Aunt Molly (Dad’s sister and only surviving sibling) and Uncle Stan, who lived in the East Lancaster section of town, came by with a van to pick up the boxes and other effects. One of the last moments for Rob, in the house where he had grown up along with Hannah, was to hand the keys to a pleasantly eager man and woman real estate agent team. The plan was to do a light renovation and then sell the house quickly during the current slight upturn in market values.

Rob gave the house a fond and wistful pat on the side as he walked down the driveway to a waiting private cab. He wished the house a happy future, and many more playing, screaming, growing children.

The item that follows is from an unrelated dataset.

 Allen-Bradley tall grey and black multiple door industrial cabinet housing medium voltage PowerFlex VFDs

Time to go. Time to let go.

He picked up Dad’s old brown leather briefcase, which he planned to carry back to Europe with him. It was full of papers and photos—including a mysterious Journal III. Bidding farewell to Molly and Stan, he let the stranger drive him to the airport. It was an odd feeling, riding with a nice but unknown man who appeared to be a recent immigrant. The man told him during light conversation that he was of German-Samoan origin, and had been a U.S. citizen all his life. So much for guessing where people came from these days. Rob told him he had grown up in Salem, and wished him well. Never learning the man’s name, he shook hands heartily at the airport entrance, and wished him well. Inwardly, he felt similarly to when he’d said goodbye to the old house. Take good care of my city, he thought, as he strode across the concourse sidewalk with the briefcase in one hand, and gave a final wave with his free other hand.

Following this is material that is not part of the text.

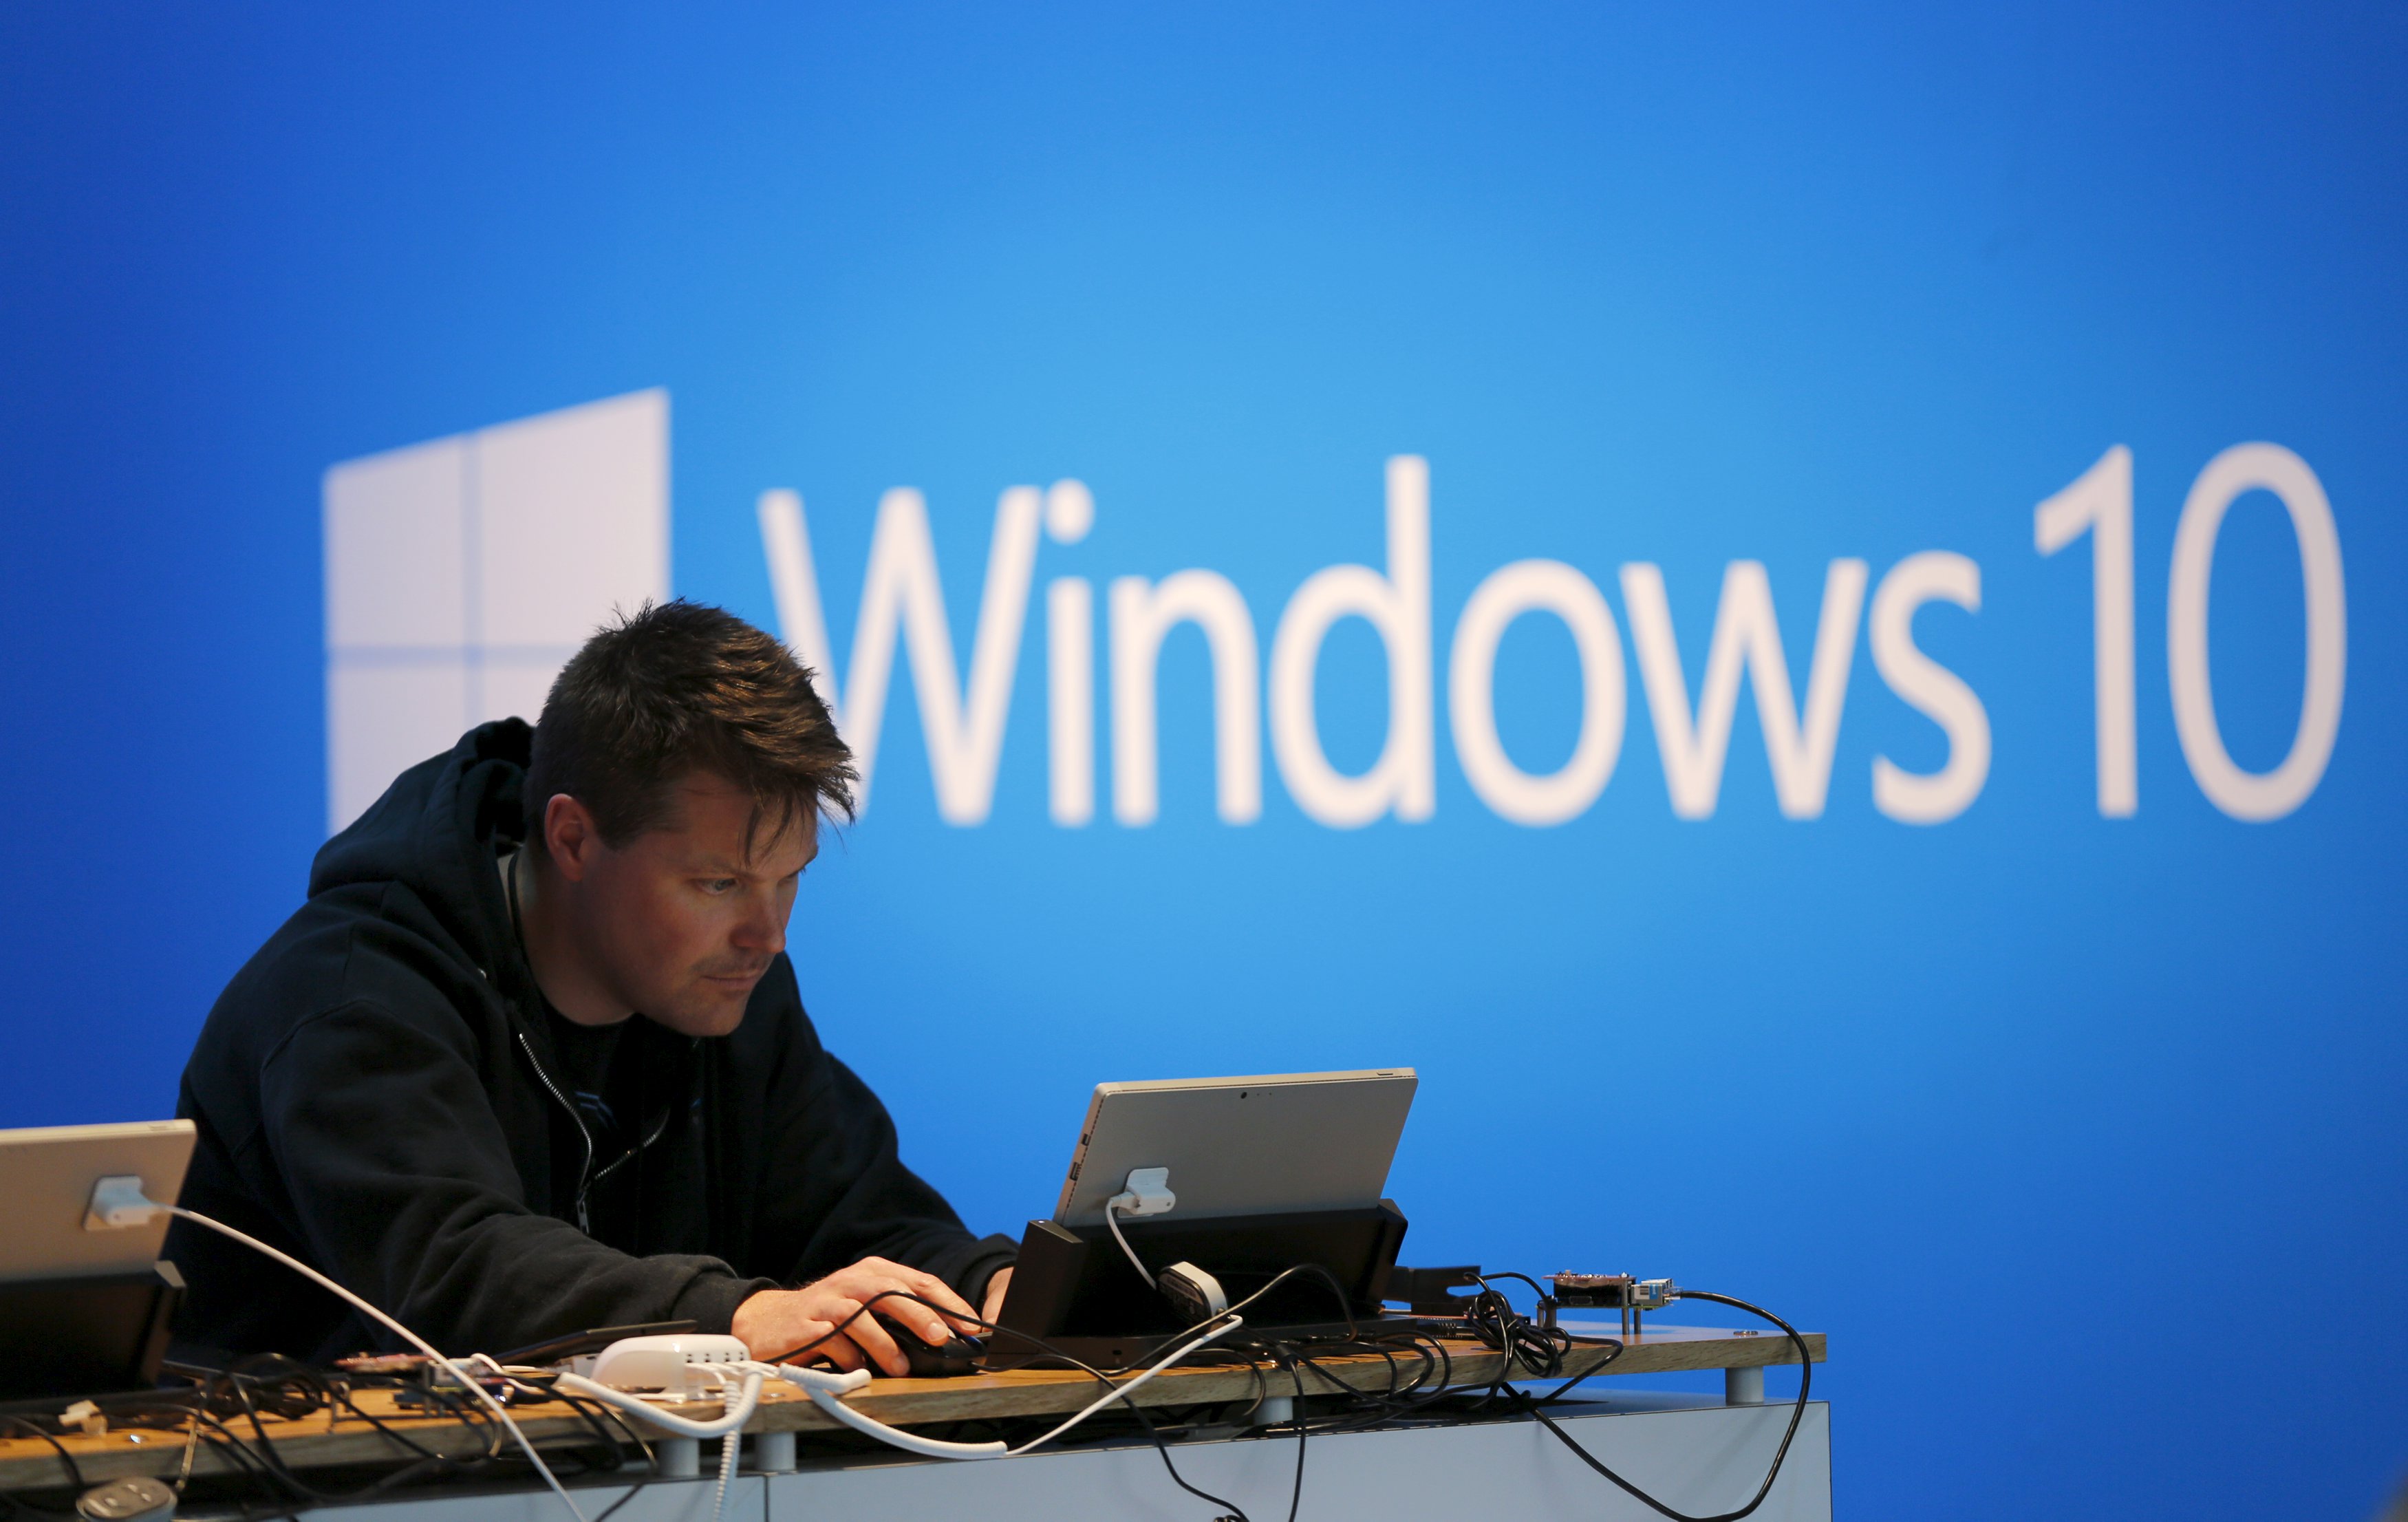 Σημαντική αναβάθμιση των Windows 10 στα μέσα Οκτωβρίου

During the long flight, Rob dozed a bit. He ate the light lunch they served, and enjoyed a hot cup of black coffee over Greenland. As the line of day and night crawled slowly past—meaning it was like dusk for at least four hours while the Airbus and the nightfall line raced each other eastward—Rob opened the briefcase and began reading Dad’s Journal III. He was puzzled. Why Journal III? Had there been Journals I and II? Or had Dad simply gotten a deal years ago at a stationery store on this particular fancy book. It was an old, worn black notebook with cheaply gilded edges. Nothing fancy. Two hundred pages inside, stitched with white thread, were standard-ruled with faint blue horizontal lines. Each page also had a faint red vertical line to make the left margin, like a zillion other notebooks Rob had seen. It was an old notebook, stuffed with loose papers and an occasional photo. There was Hannah on her first bicycle at age seven, missing her two upper front teeth and smiling sun-blinded on a summer day on the sidewalk outside the old house. There he was, Rob, kneeling on the grassy front lawn and playing with one of the series of mostly golden-orange retriever mutt mixes they’d had over the years. He flipped the photo over, but the dog’s name wasn’t on it, just his own written in Mom’s precise hand: David Robert Wilson, 6 yrs old. That brought a little mist to his vision. He wiped with one finger, and gave forth a soggy sniffle. This was an emotional time. Hannah would probably need a hankie when they got around to sitting in her place in Paris or his place in Frankfurt with these records before them. Near as she could figure, Journal III was a record and scrapbook of Dan Wilson’s final forty years spent in Salem, Oregon after returning from years stationed in Europe.